Hi Everyone, friends of ours have just returned from the Silver Coast and after chatting to a local Property Management Company owner,they were told of business closure ,estate agents etc ,people really struggling at this time,even heard of a large warehouse thriving near Obidos selling repossed furniture from repossed homes!, any one got any views on this matter,as partner and myself were looking forward to starting a new life out there after we sell our property here,Jimmy


----------



## silvers

The recession is worldwide. There have been people involved here, including a lot of expats who have had to sell their holiday homes. This has been mainly on the Algarve though, prices on the Silver coast have been pretty stable.


----------



## jimmy

silvers said:


> The recession is worldwide. There have been people involved here, including a lot of expats who have had to sell their holiday homes. This has been mainly on the Algarve though, prices on the Silver coast have been pretty stable.

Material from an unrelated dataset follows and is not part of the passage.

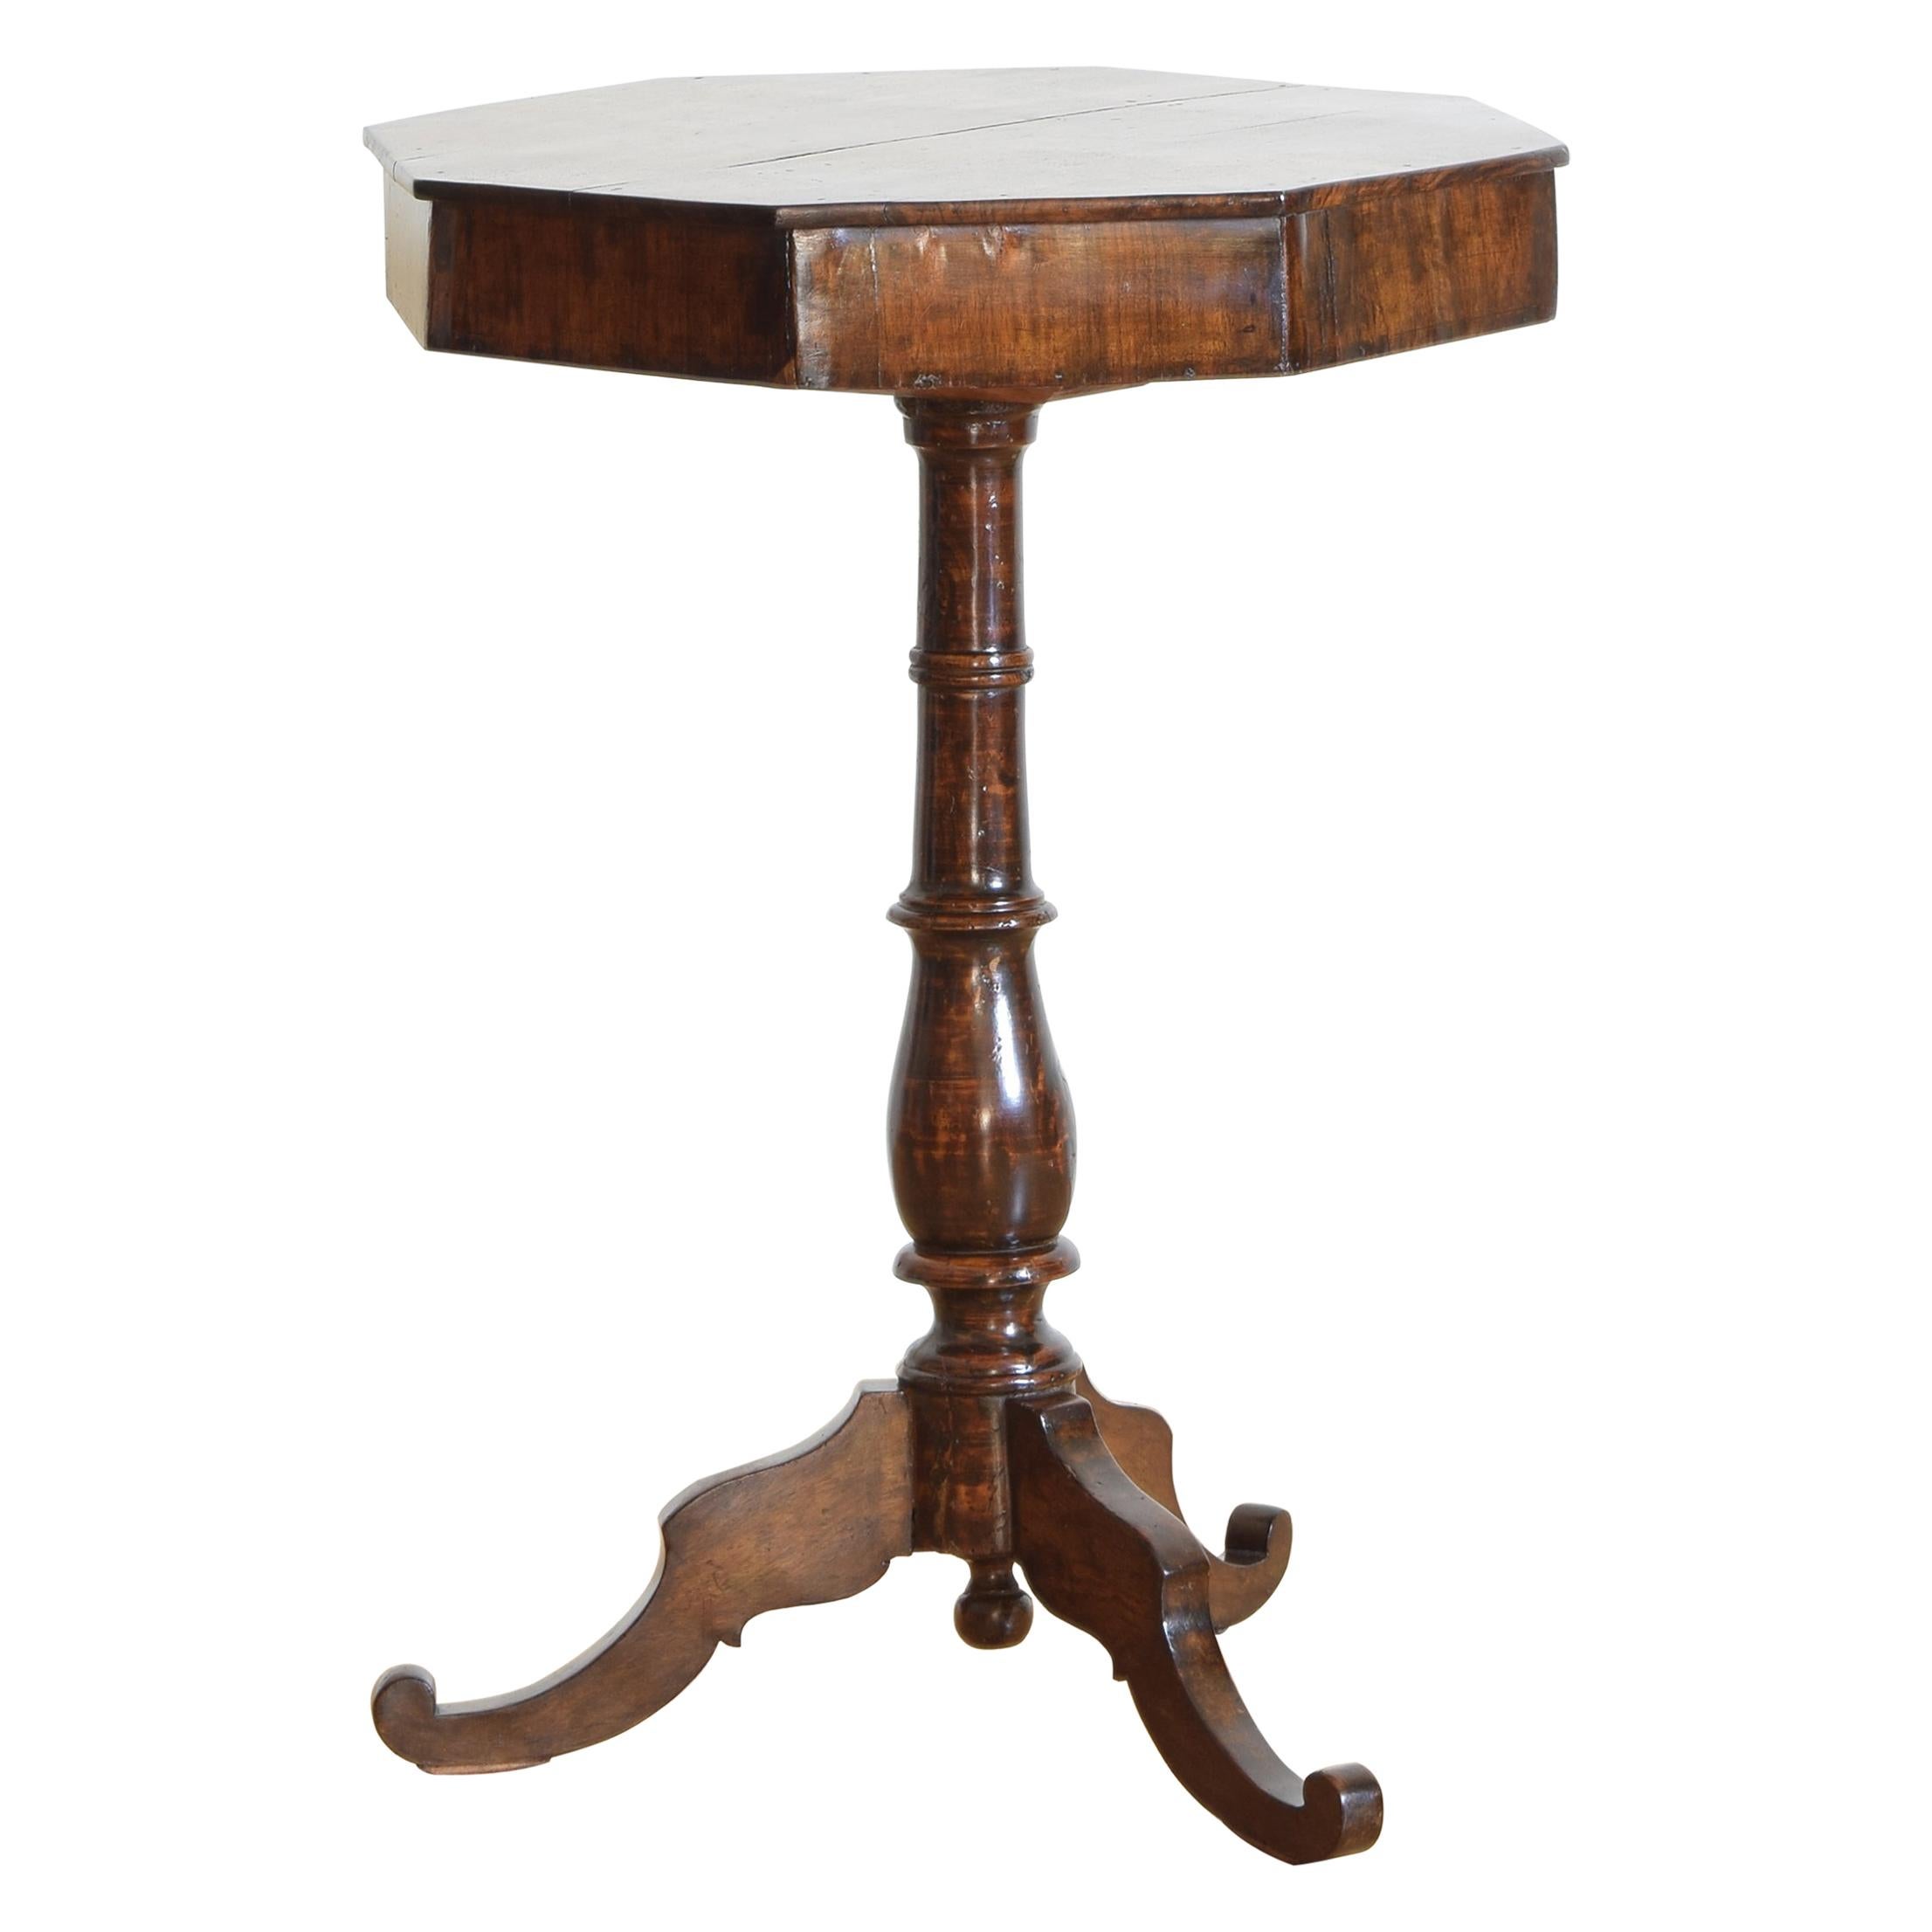 Italian Neoclassic Walnut Octagonal 1-Drawer Center Table, circa 1825

Cheers Silvers ,I knew I could depend on you!


----------



## omostra06

jimmy said:


> Hi Everyone, friends of ours have just returned from the Silver Coast and after chatting to a local Property Management Company owner,they were told of business closure ,estate agents etc ,people really struggling at this time,even heard of a large warehouse thriving near Obidos selling repossed furniture from repossed homes!, any one got any views on this matter,as partner and myself were looking forward to starting a new life out there after we sell our property here,Jimmy


some estate agents are closing but its the ones that dont work much anyway and would probably go out of business even without challenging times, we have just opened an office on the silver coast and we are also advertising for more sales staff, so not all estate agents are having a bad time some are doing well and keeping busy even although globaly we are in difficult times.


----------



## Mr.Blueskies

Hi Omostra06,

Have you now opened an agency in Caldas da Rainha ?

"Can you post the address on here please!


:eyebrows:


----------



## omostra06

sorry, but cant post my company details on here as there is no advertising allowed on the forum, but if anyone happens by our website, the contact info is all on there.


----------